Au bonheur des dames 403
Três Vivas por José Quitério
Isto ia chamar-se “3 Hurra por JQ” mas o Zé é pouco dado a “bifes” e correlativos. Aqui o “bife” era o ingliche ou o americas ou qualquer outro vago anglo saxão.
Depois pensei na italianíssima “evivva” tão verdiana, tão musical. O Zé é um atentíssimo conhecedor de música e seguramente a coisa não lhe desagradaria. Todavia, o raio do homem é português até ao sabugo, português da velha guarda, cultivador de virtudes antigas e mal lembradas e isso pede um viva nacional, nosso, que tanto lhe devemos.

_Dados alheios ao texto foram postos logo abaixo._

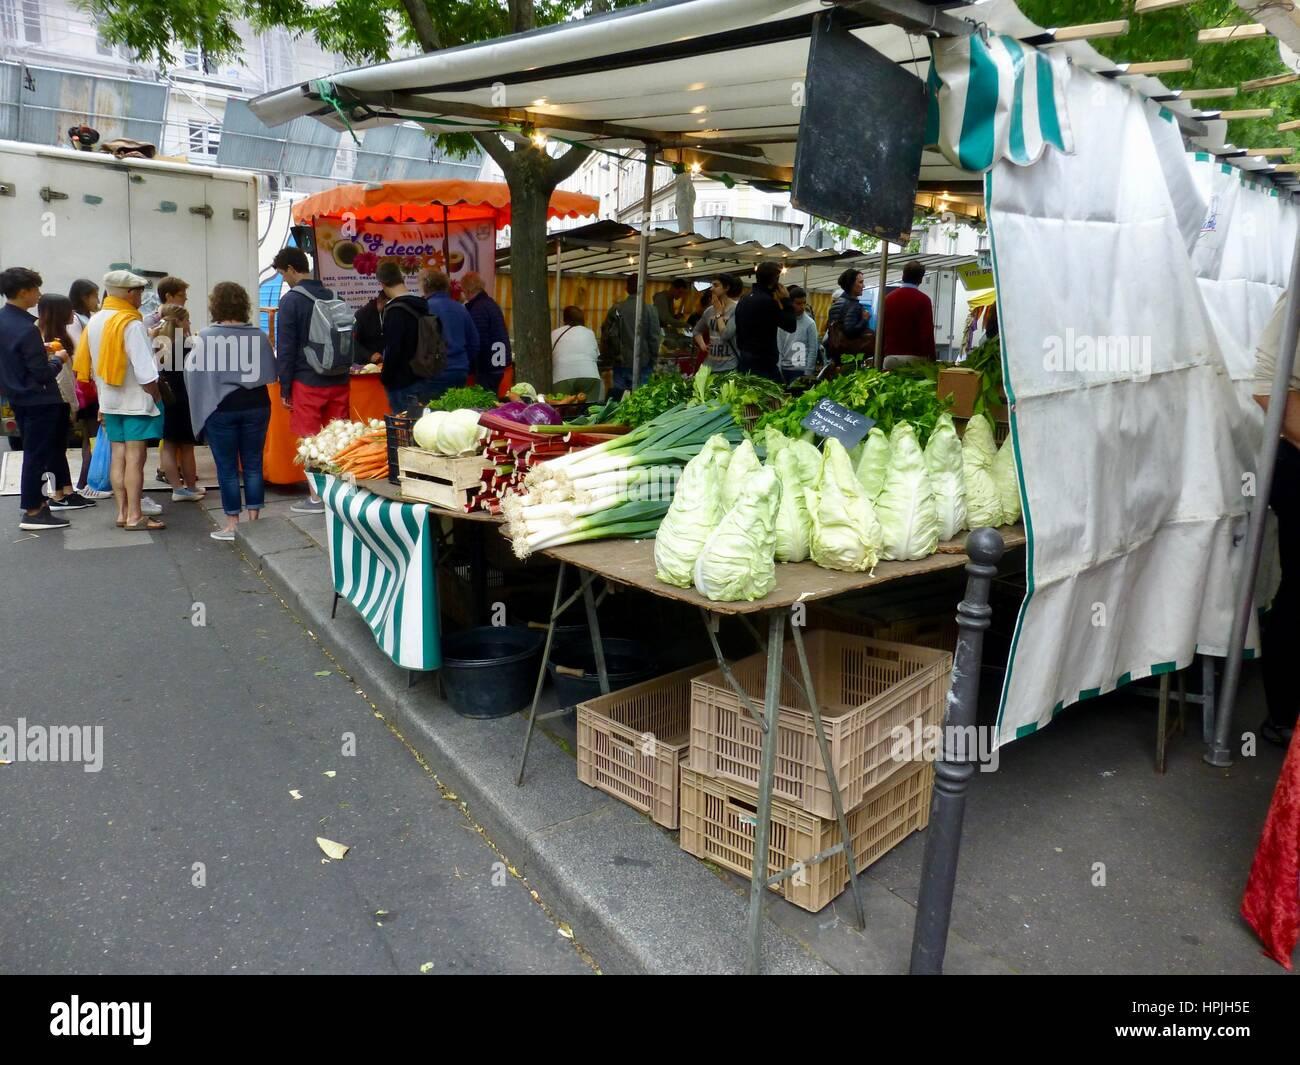 Neatly displayed vegetables at Bastille Market on Boulevard Richard Lenoir, Paris France - Stock Image

Convém, agora, um ponto de ordem. Sou amigo do Zé Quitério desde os longínquos bancos dos “Gerais”, velhacouto que frequentávamos com nojosa parcimónia, situação aliás comum a muito estudante de Direito, numa Coimbra que, por ser longe da casa paterna, nos permitia o desvario de ser pela liberdade livre e por outras maluquices libertárias.
Foram anos de intenso convívio, de livros, de filmes, de música, de conversas que varavam a noite hospitaleira entre o “Mandarim” e o “Moçambique” (“capital de Angola” no dizer pitoresco do seu proprietário) e a Baixa.
Depois o Zé foi caçado pela tropa e mandado para Árica defender o Império. Não tenho bem a certeza, embora trocássemos algumas cartas, se ele viveu as angustias do mato, a incerteza, os perigos da guerra ou se graças à já forte miopia passou esse tempo de exílio num quartel mais sossegado.
Sei, isso sim, que, quando regressou, o Direito já não lhe despertava qualquer simpatia. Perdeu-se um jurista e ganhou-se um grande escriba (não me atrevo a dizer escritor não vá o tipo zangar-se...), um homem de cultura, um intelectual empenhado, um extraordinário crítico e divulgador da gastronomia. E um prosador de alto talento. E de grande humor.
Eu já nem me lembro de quando entrou no Expresso. Sei, apenas, que entrou com estrondo, com novidade, com talento, e criou uma coluna que “amarrou” ao semanário muito leitor descontente. Irritei-me vezes sem conta com textos do Expresso mas que era isso ao lado da página onde José Quitério fazia a crítica de um restaurante sempre cuidadoso, exigente, bem humorado e imparcial?
Agora, depois de meses de ausência, inaugurando a nova “Revista” do Expresso, numa longa entrevista, JQ desvenda o mistério da sua ausência: os olhos cansados já não lhe permitem continuar. Lacónico e estoico, sem perder o seu sentido de humor, o Zé substitui o impossível “até à vista” por um “imenso adeus” (permita-se-me um título de Chandler) aos leitores.
Começa mal o ano de 2015, também neste capítulo. Perde-se uma escrita ágil e inteligente, um subtil toque cultural sempre temperado de bom senso e discrição, a voz de um homem direito e inteiro de que cada vez mais se necessitaria.
Ficam alguns livros, fica ele próprio (e que seja por muitos e bons) e fica a ideia de fazer uma pequena ou grande antologia desses textos, datados embora, mas tantas vezes felizes e certeiros.
Sei que muitos leitores fieis e gratos estão comigo neste momento de despedida a um autor e é um pouco em nome deles (que atrevimento!) que substituo o adeus quiteriano por um até sempre com um forte abraço
Saravah, mano! Graças a ti estes últimos cinquenta anos não foram assim tão maus.